For more information and official MATLAB documentation please see this page: https://www.mathworks.com/help/parallel-computing/gpu-computing-requirements.html.

CUDA Toolkit

You will need to load a CUDA toolkit module for relevant commands to access the GPUs. Depending on which version of tensorflow, pytorch, or other similar software you are using, a different version of the CUDA toolkit may be required. For instance, tensorflow version 2.5.0 requires CUDA toolkit version 11.2.

Several CUDA toolkit versions have been installed as modules on Cheaha.

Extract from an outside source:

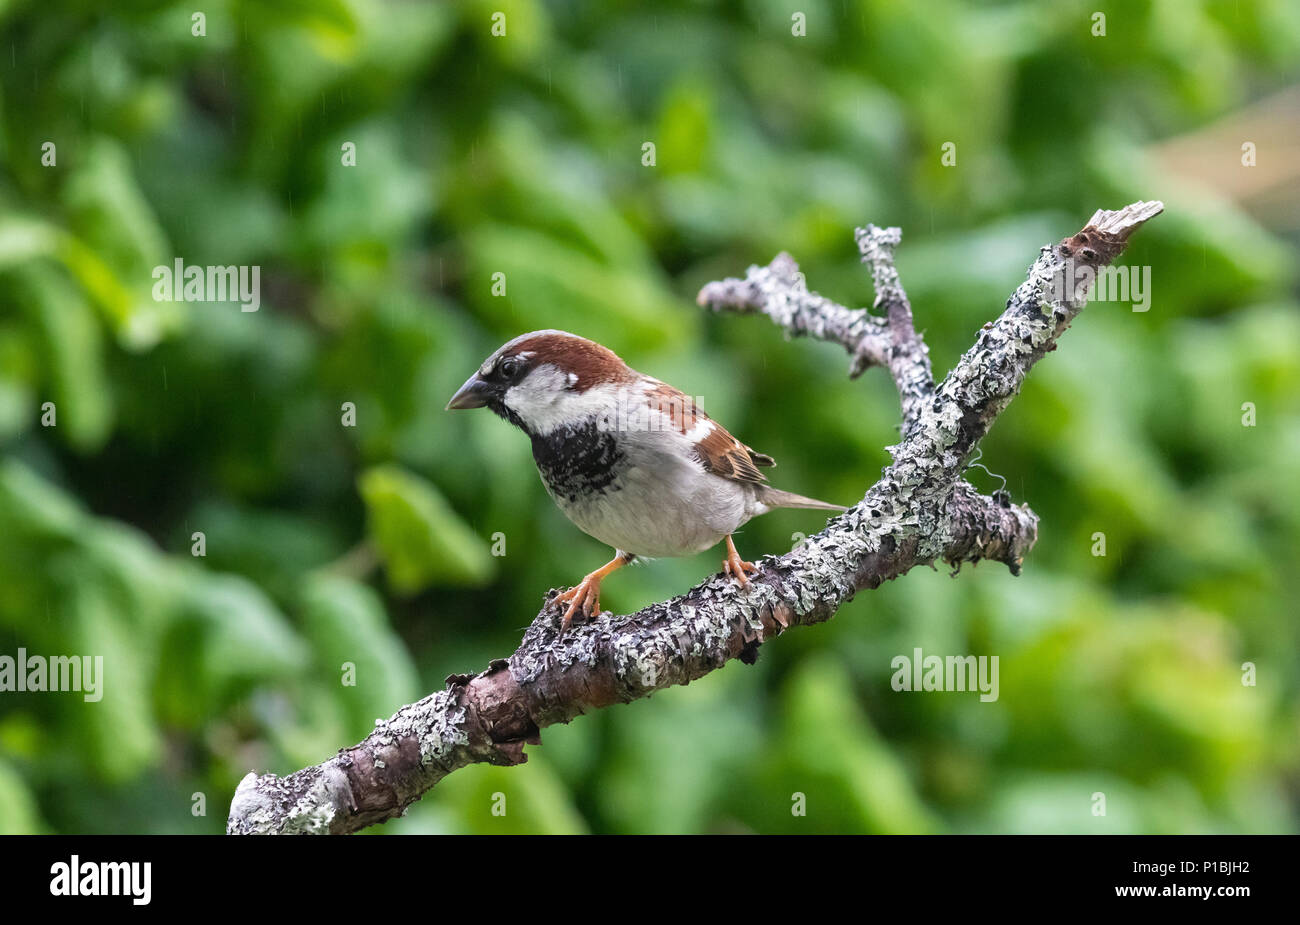 A house sparrow on a branch in a Fife garden. Stock Photo
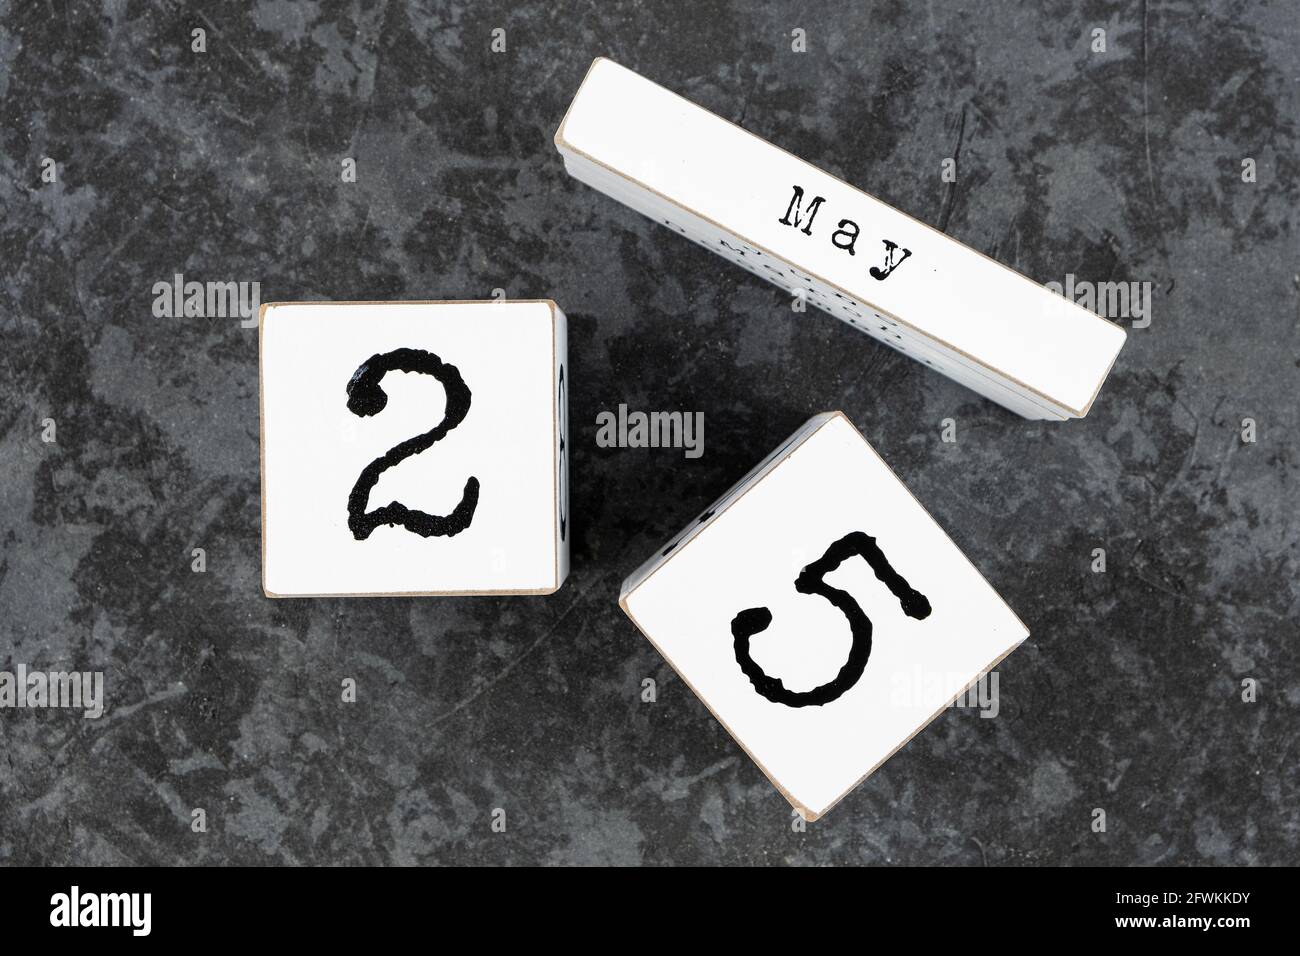 25 mai. Mai 25 calendrier cube en bois blanc sur fond de béton gris grunge Banque D'Images

To see which CUDA toolkits are available, use:

module -r spider 'cuda.*toolkit'

If a specific version of the CUDA toolkit is needed but not installed, send an install request to [support@listserv.uab.edu].

Tensorflow Compatibility

To check which CUDA Toolkit module version is required for your version of Tensorflow, see the toolkit requirements chart here https://www.tensorflow.org/install/source#gpu.

PyTorch Compatibility

PyTorch does not maintain a simple compatibility table for CUDA Toolkit versions. Instead, please manually check their "get started" page for the latest PyTorch version compatibility, and their "previous versions" page for older PyTorch version compatibility. Assume that a CUDA Toolkit version is not compatible if it is not listed for a specific PyTorch version.

To use GPUs prior to PyTorch version 1.13 you must select a cudatoolkit version from the pytorch channel when you install PyTorch using Anaconda. It is how PyTorch knows to install a GPU compatible flavor, as opposed to the CPU only flavor. See below for templates of CPU and GPU installs for PyTorch versions prior to 1.13. Be sure to check the compatibility links above for your selected version. Note torchaudio is also available for signal processing.

  • CPU Version: conda install pytorch==... torchvision==... -c pytorch
  • GPU Version: conda install pytorch==... torchvision==... cudatoolkit=... -c pytorch

For versions of PyTorch 1.13 and newer, use the following template instead.

  • CPU Version: conda install pytorch==... torchvision==... cpuonly -c pytorch
  • GPU Version: conda install pytorch==... torchvision==... pytorch-cuda=... -c pytorch -c nvidia

Reviewing GPU Jobs

As with all jobs, use sacct to review GPU jobs. Quantity of GPUs may be reviewed using the reqtres and alloctres fields.


Last update: December 2, 2022